== Exercise directions ==
Return the whole listing exactly, omitting the pictures.

== The data ==
---

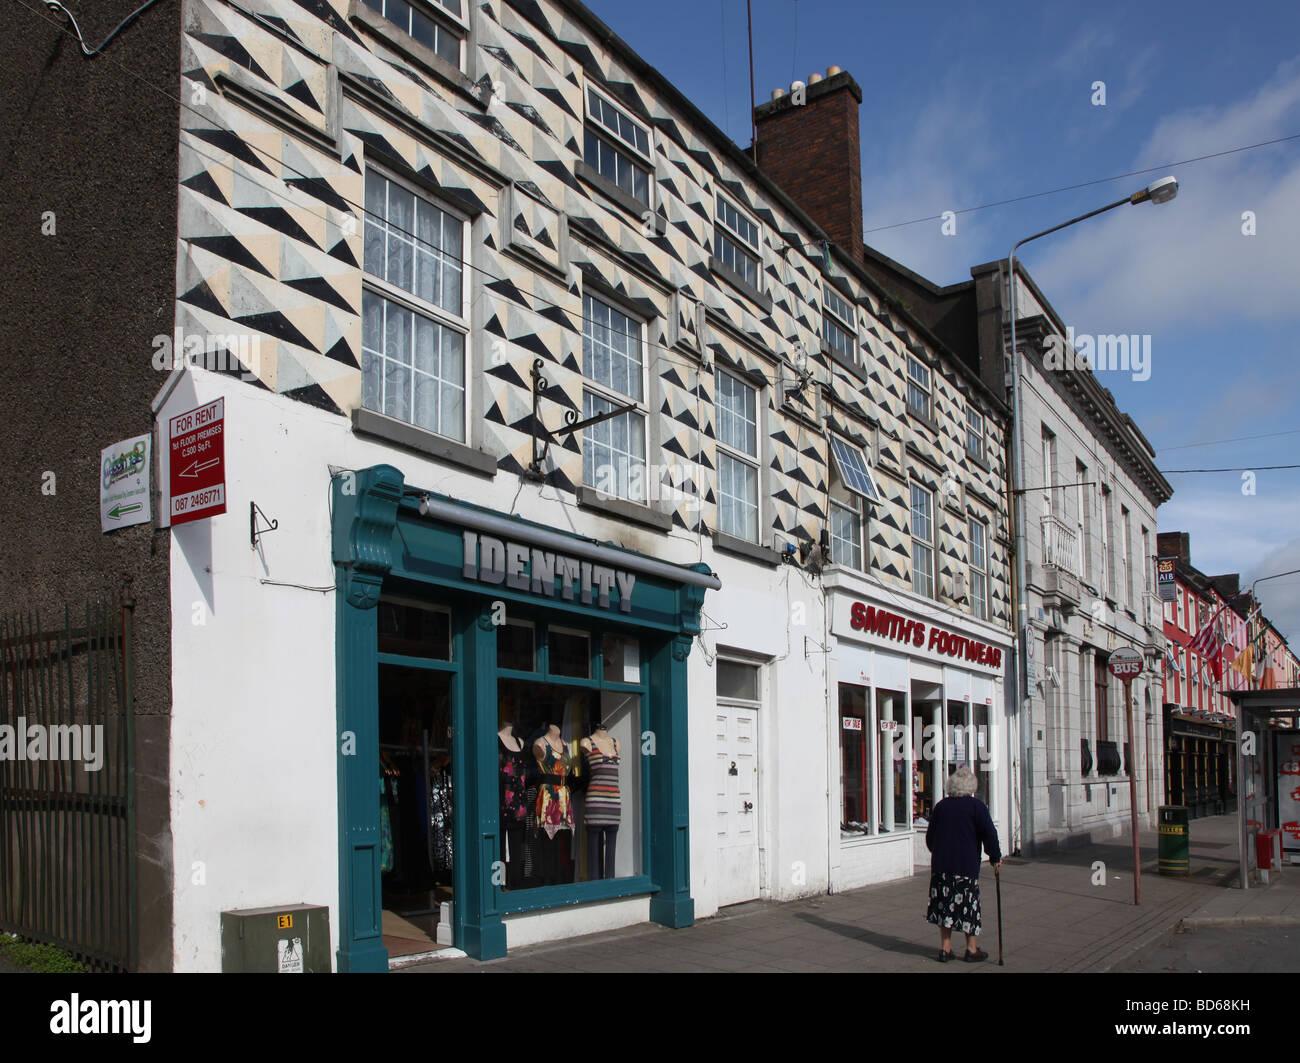 Kitsch trompe l oeil shopfront Carrickmacross Co Monaghan - Stock Image
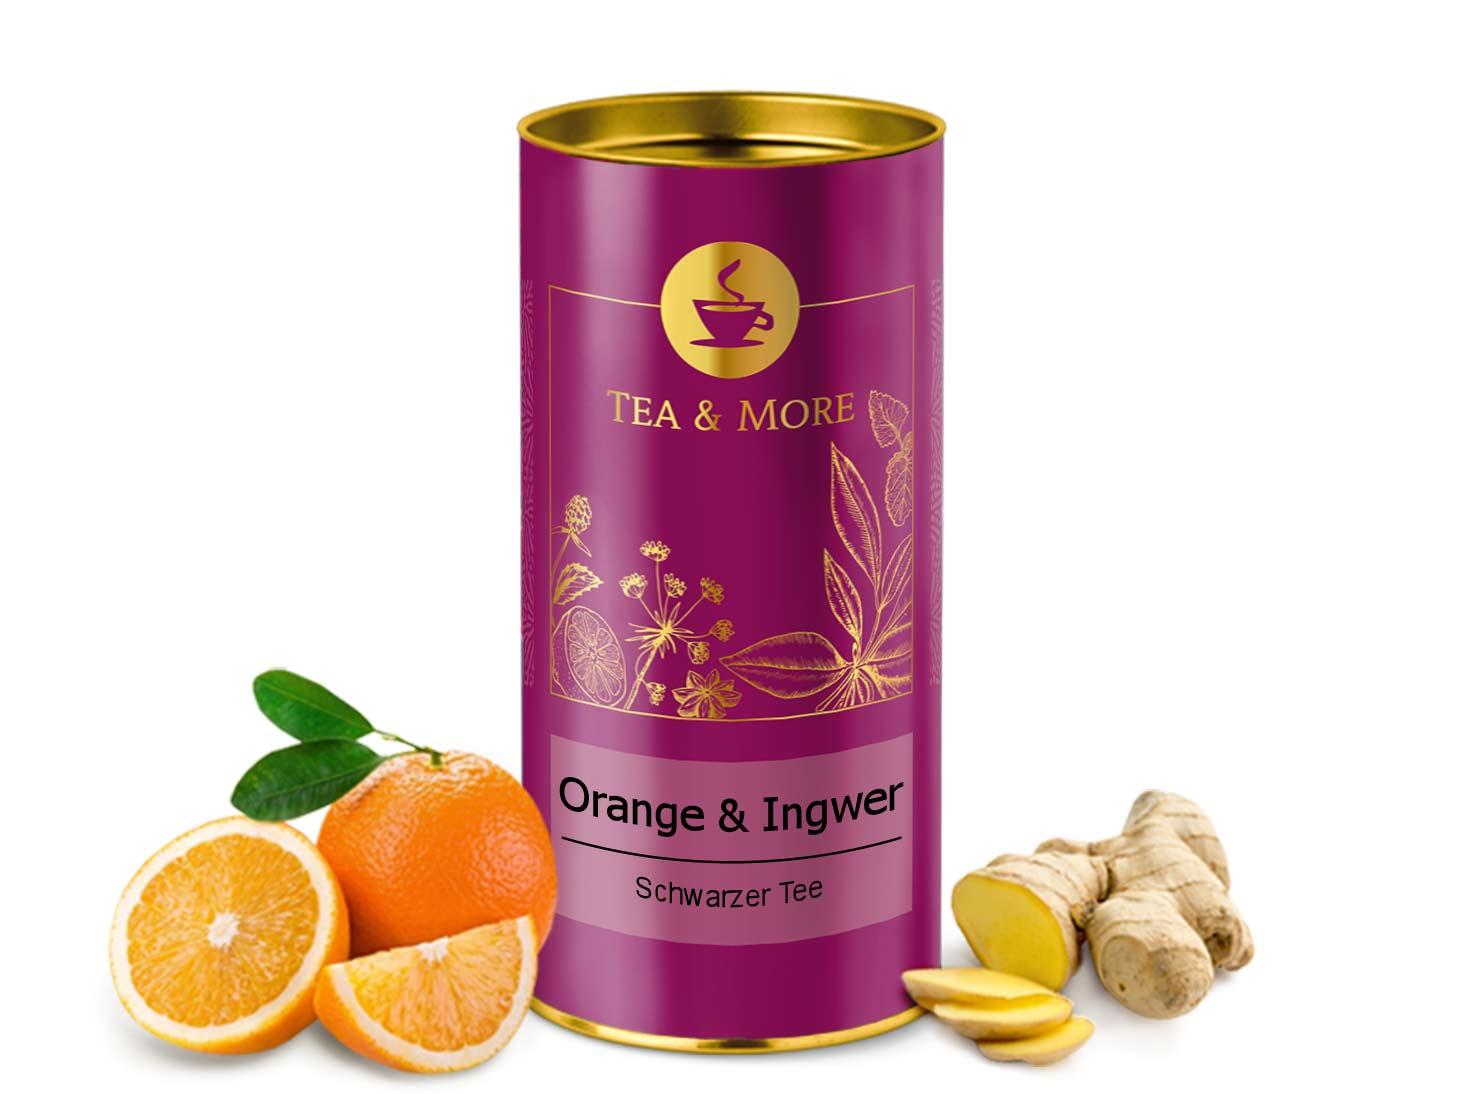 Orange & Ingwer
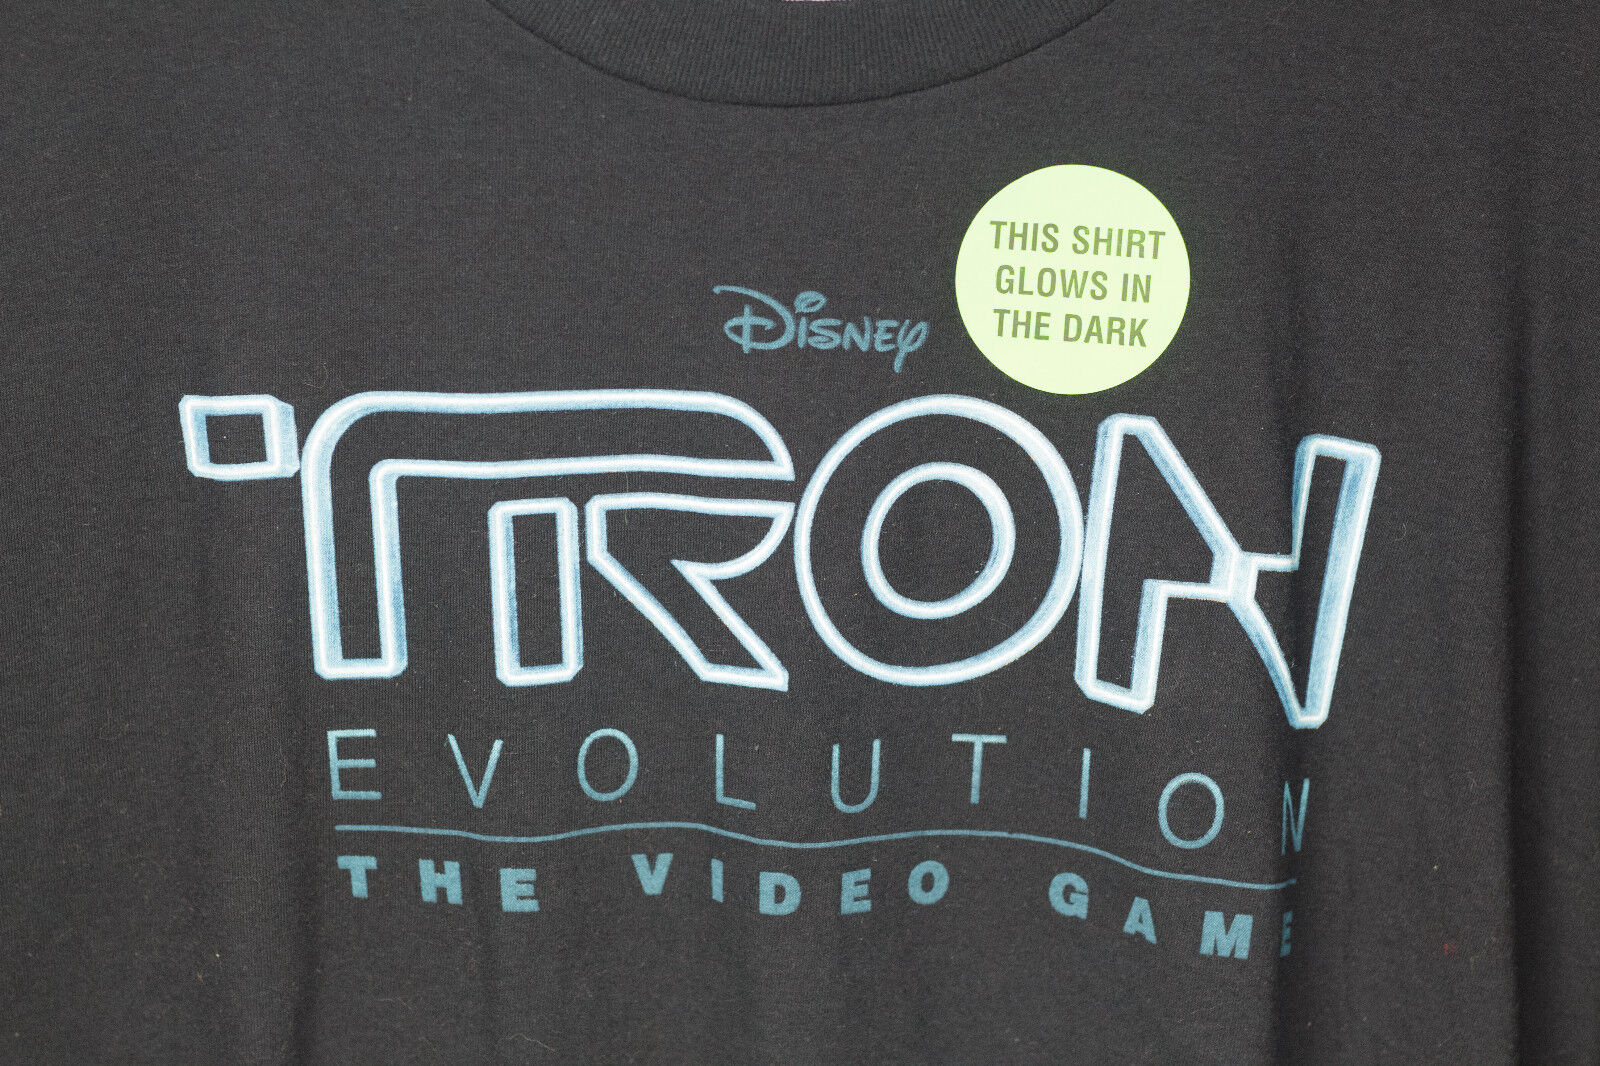 TRON EVOLUTION THE VIDEO GAME LEGACY DISNEY T-SHIRT MENS LARGE L T-SHIRT NEW

---

== Task solution ==
 Kitsch trompe l oeil shopfront Carrickmacross Co Monaghan - Stock Image
 Orange & Ingwer
 TRON EVOLUTION THE VIDEO GAME LEGACY DISNEY T-SHIRT MENS LARGE L T-SHIRT NEW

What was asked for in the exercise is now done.